NABARD’s ongoing development of a Gender Intentionality Score for regional rural banks demonstrates that this approach is both feasible and impactful.

As digital financial services continue to expand, embedding gender-disaggregated data and a Gender Intentionality Index within the financial system would help reduce information asymmetry, improve product design, and strengthen consumer protection. It would also address the underlying causes of low female adoption of digital finance, including limited trust, lower digital confidence, and higher exposure to fraud and misinformation.

A gender-responsive FI-Index would ensure that India’s digital financial ecosystem grows with transparency, accountability, and women-centred design as national standards. Strengthening grievance redressal, financial education, responsible marketing, and digital safety is critical to building confidence among women users. Once trust is established, sustained usage follows.
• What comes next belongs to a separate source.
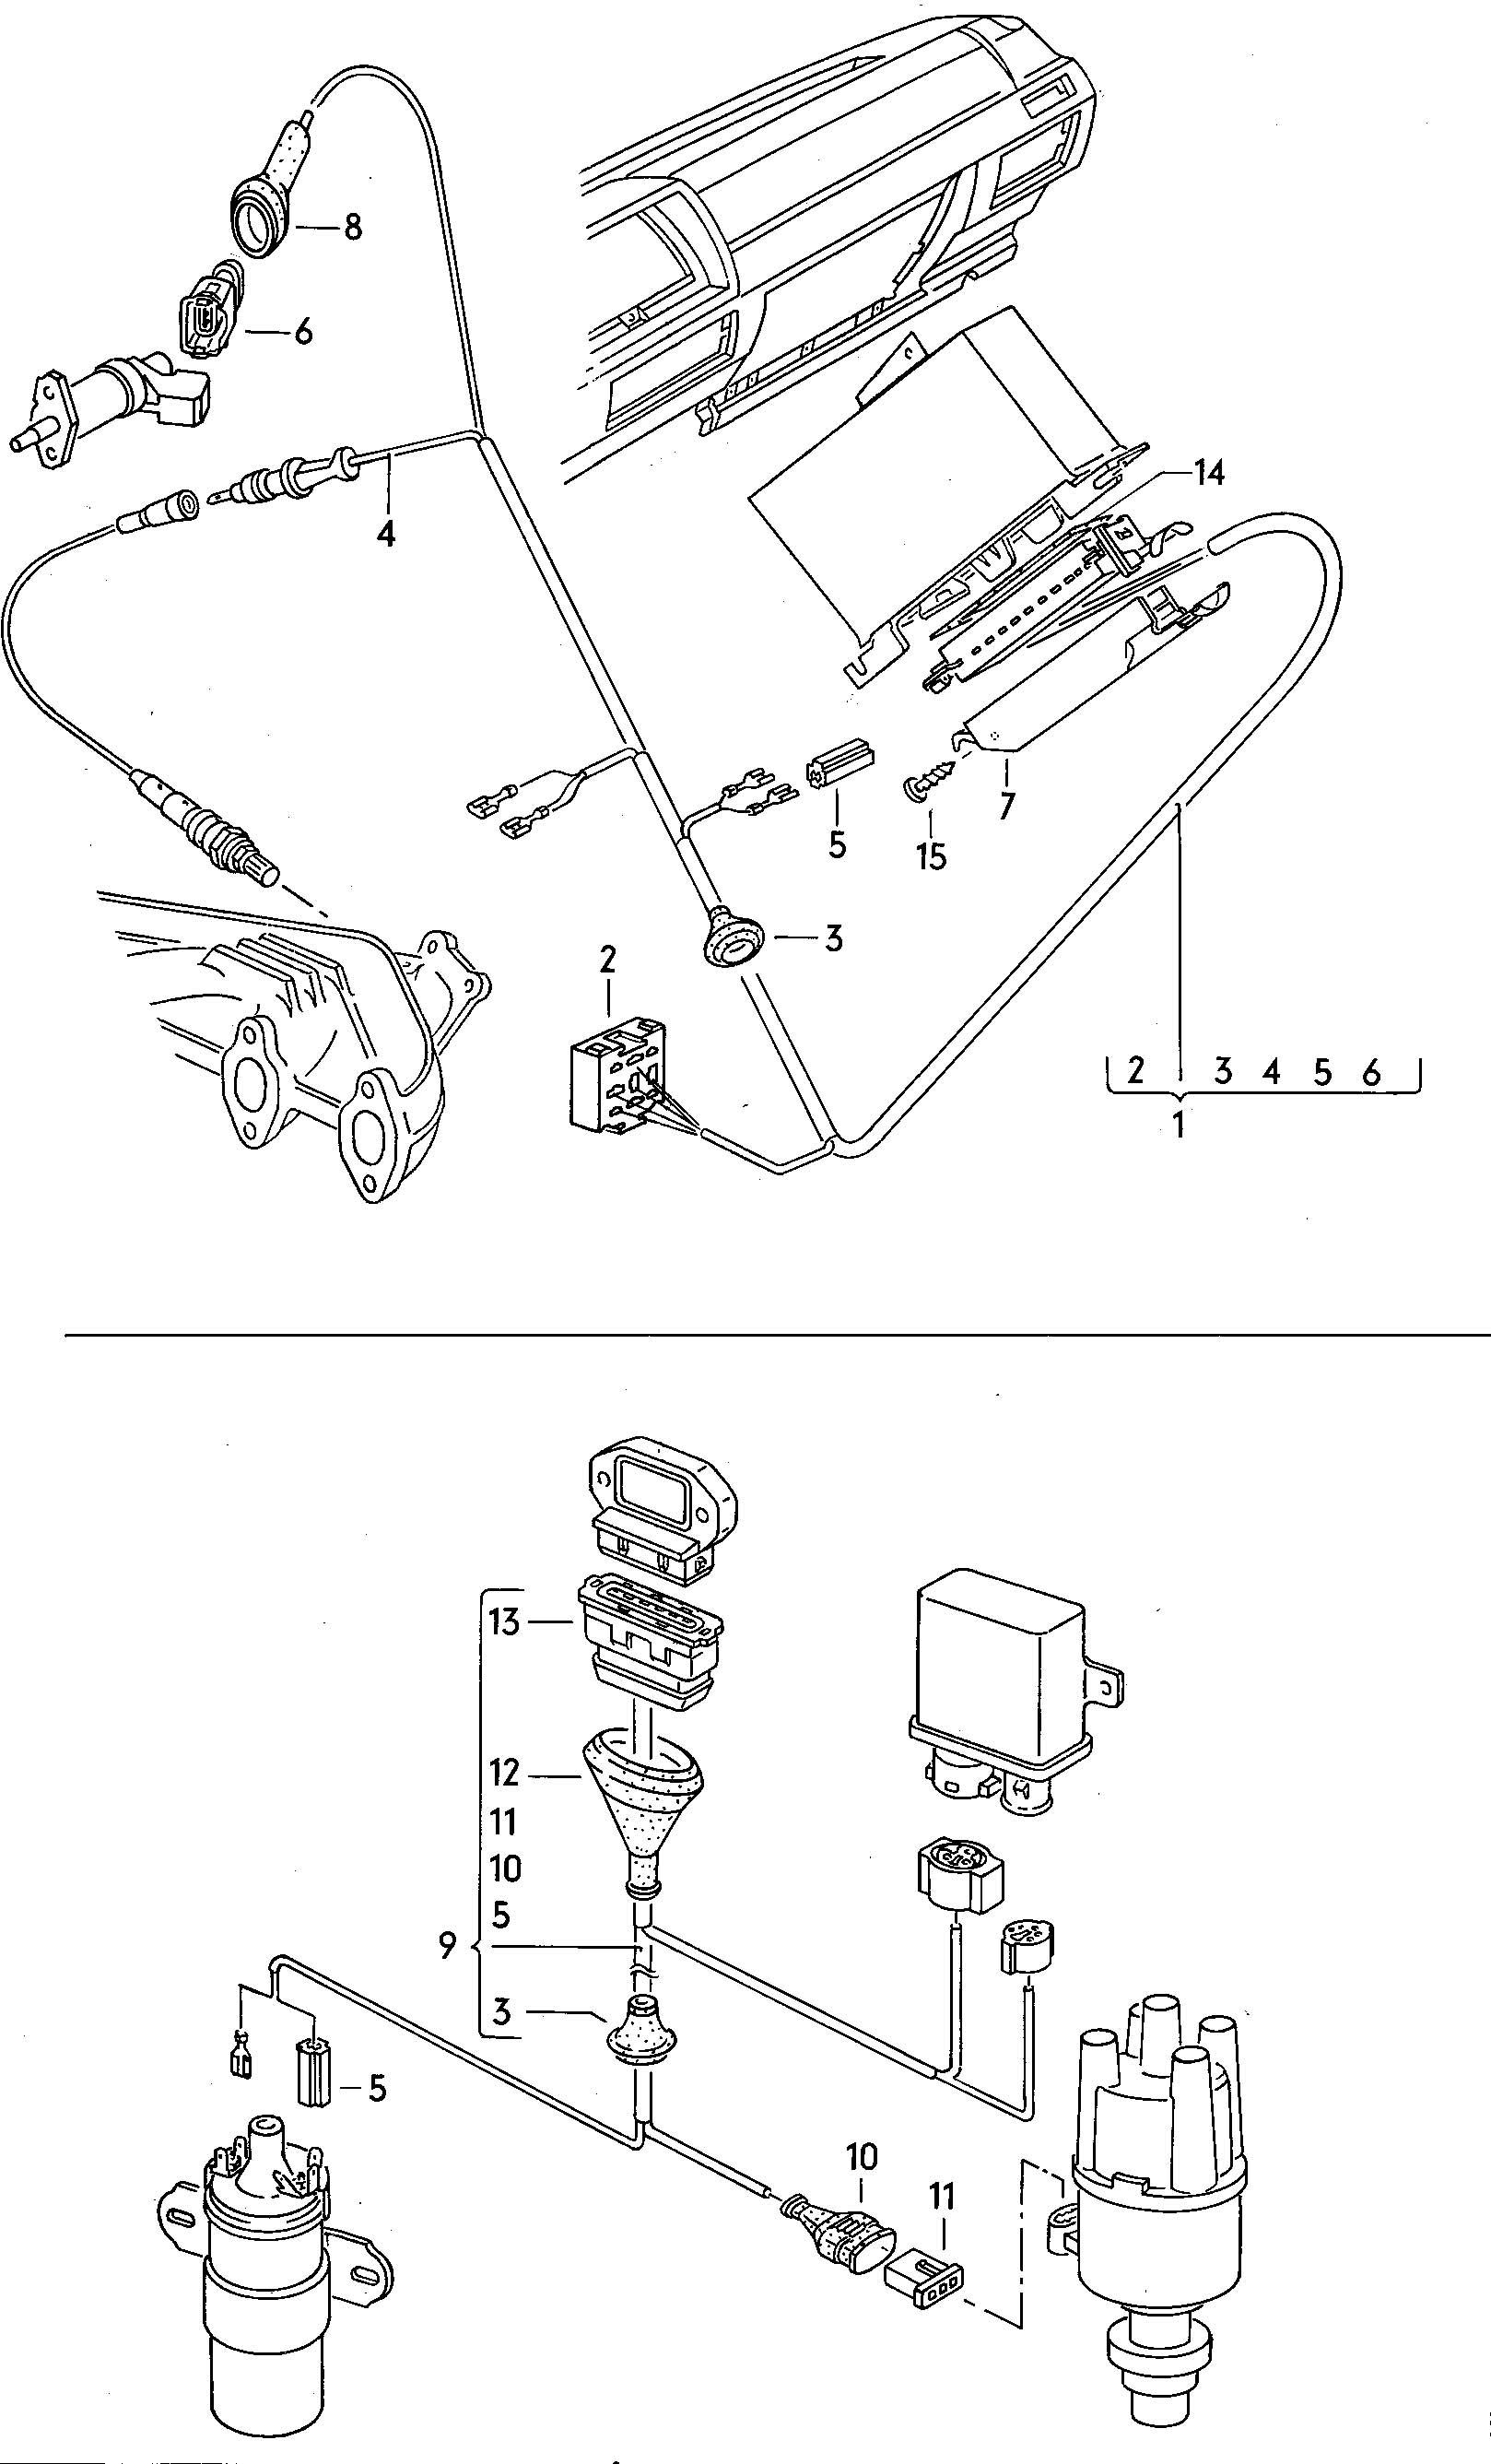 Volkswagen Vw Dasher Harness For Oxygen Sensor And Transistorized Ignition System

Evidence consistently shows that women agents outperform men and build stronger trust within communities across product categories namely payments, savings, insurance, and credit. Women agents significantly enhance women’s uptake of financial products through savings-led engagement. Jan Dhan Plus demonstrated this across three public sector banks and regional rural banks. Women agents operating as BC Sakhis, Bima Vahaks, Vitta Sakhis, and UPI Didis are emerging as critical social infrastructure supporting India’s digital public infrastructure. Maharashtra’s State Rural Livelihood Mission found that simplified onboarding, targeted training, and strong supervisory support enabled a sixfold increase in the number of BC Sakhis across the state.

These findings confirm that a women-led distribution force – leveraging women from Self-Help Groups and Cluster-Level Federations – can transform the financial architecture for low-income women and rural households, ensuring that national financial inclusion goals translate into meaningful outcomes on the ground.
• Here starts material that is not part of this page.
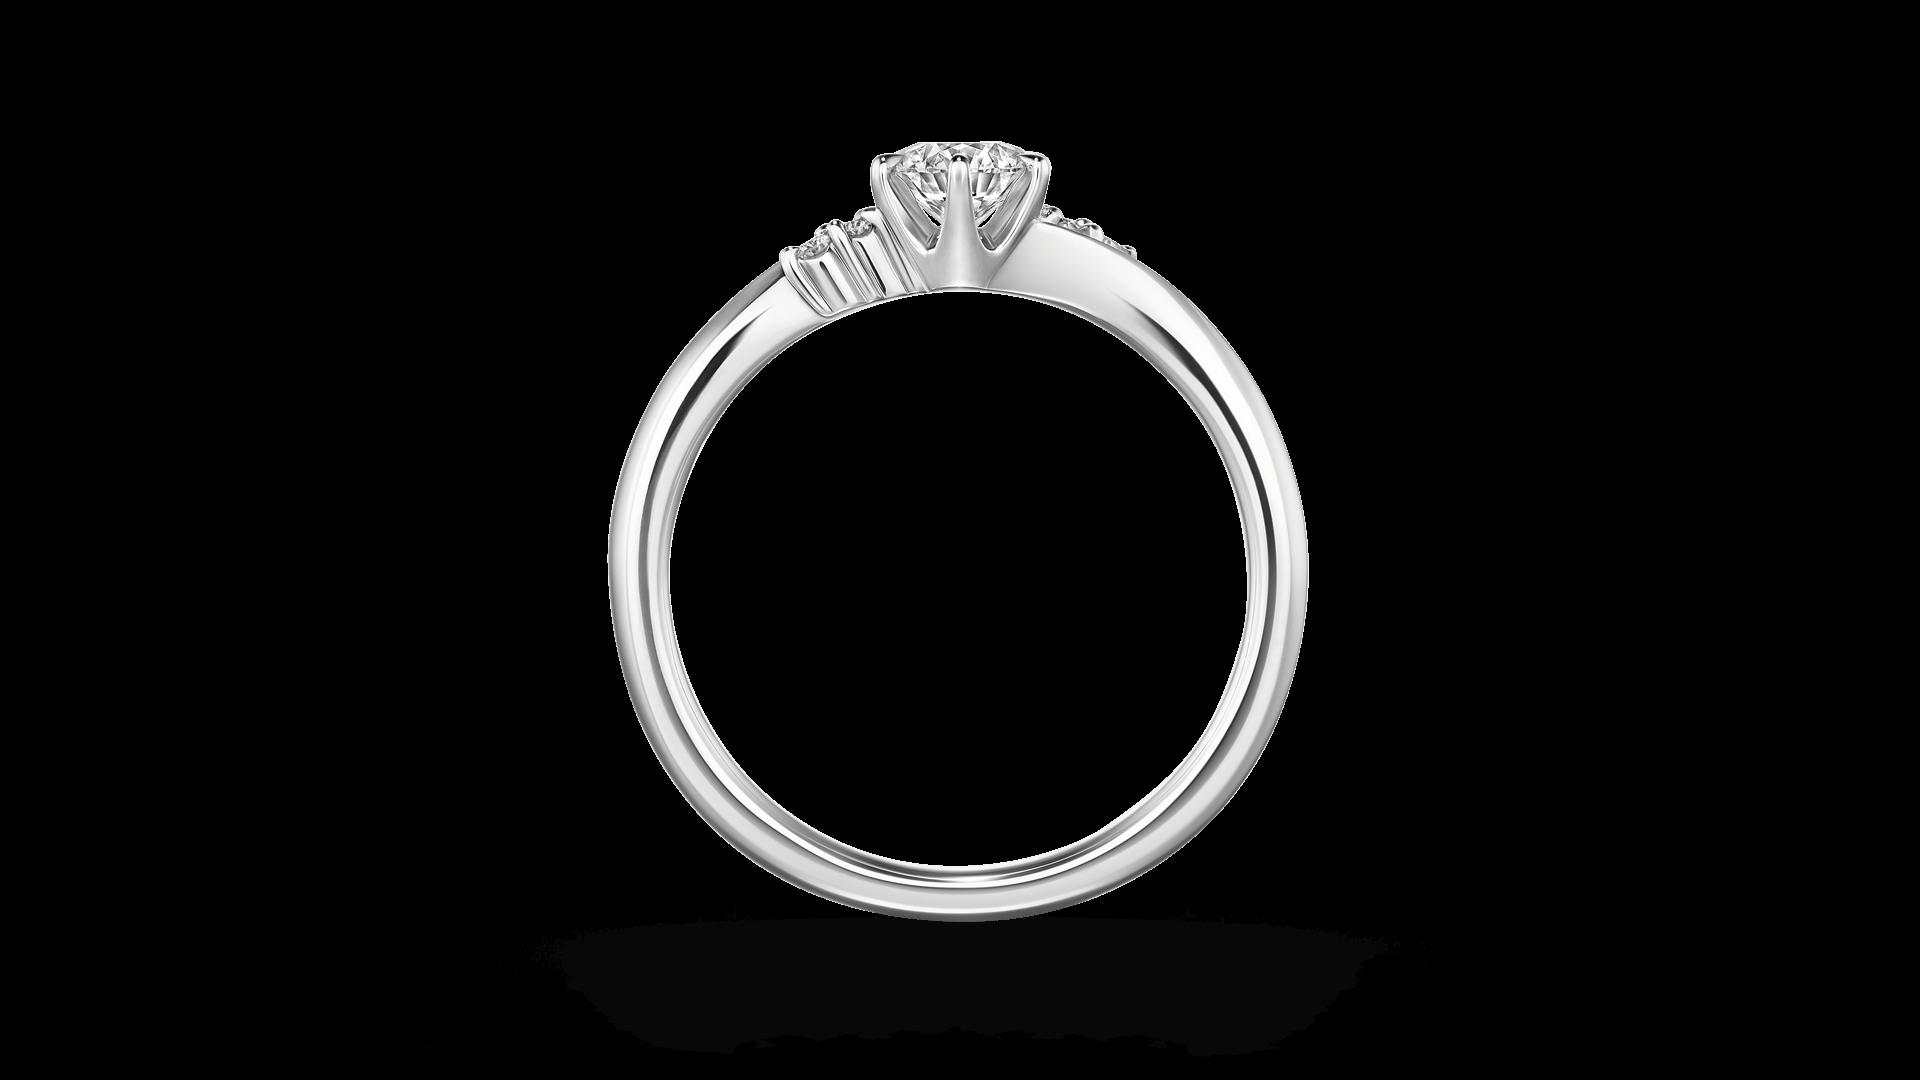 asterope アステローペ≪7月23日(木)発売≫ | 婚約指輪サムネイル 2

Gender intentionality is vital in India’s journey towards financial inclusion. When financial products are designed around women’s realities, when progress is tracked through gender-disaggregated data, and when women agents are positioned at the centre of delivery, access converts into consistent use and lasting economic security.

This article is authored by Kalpana Ajayan, regional head, South Asia, Women’s World Banking.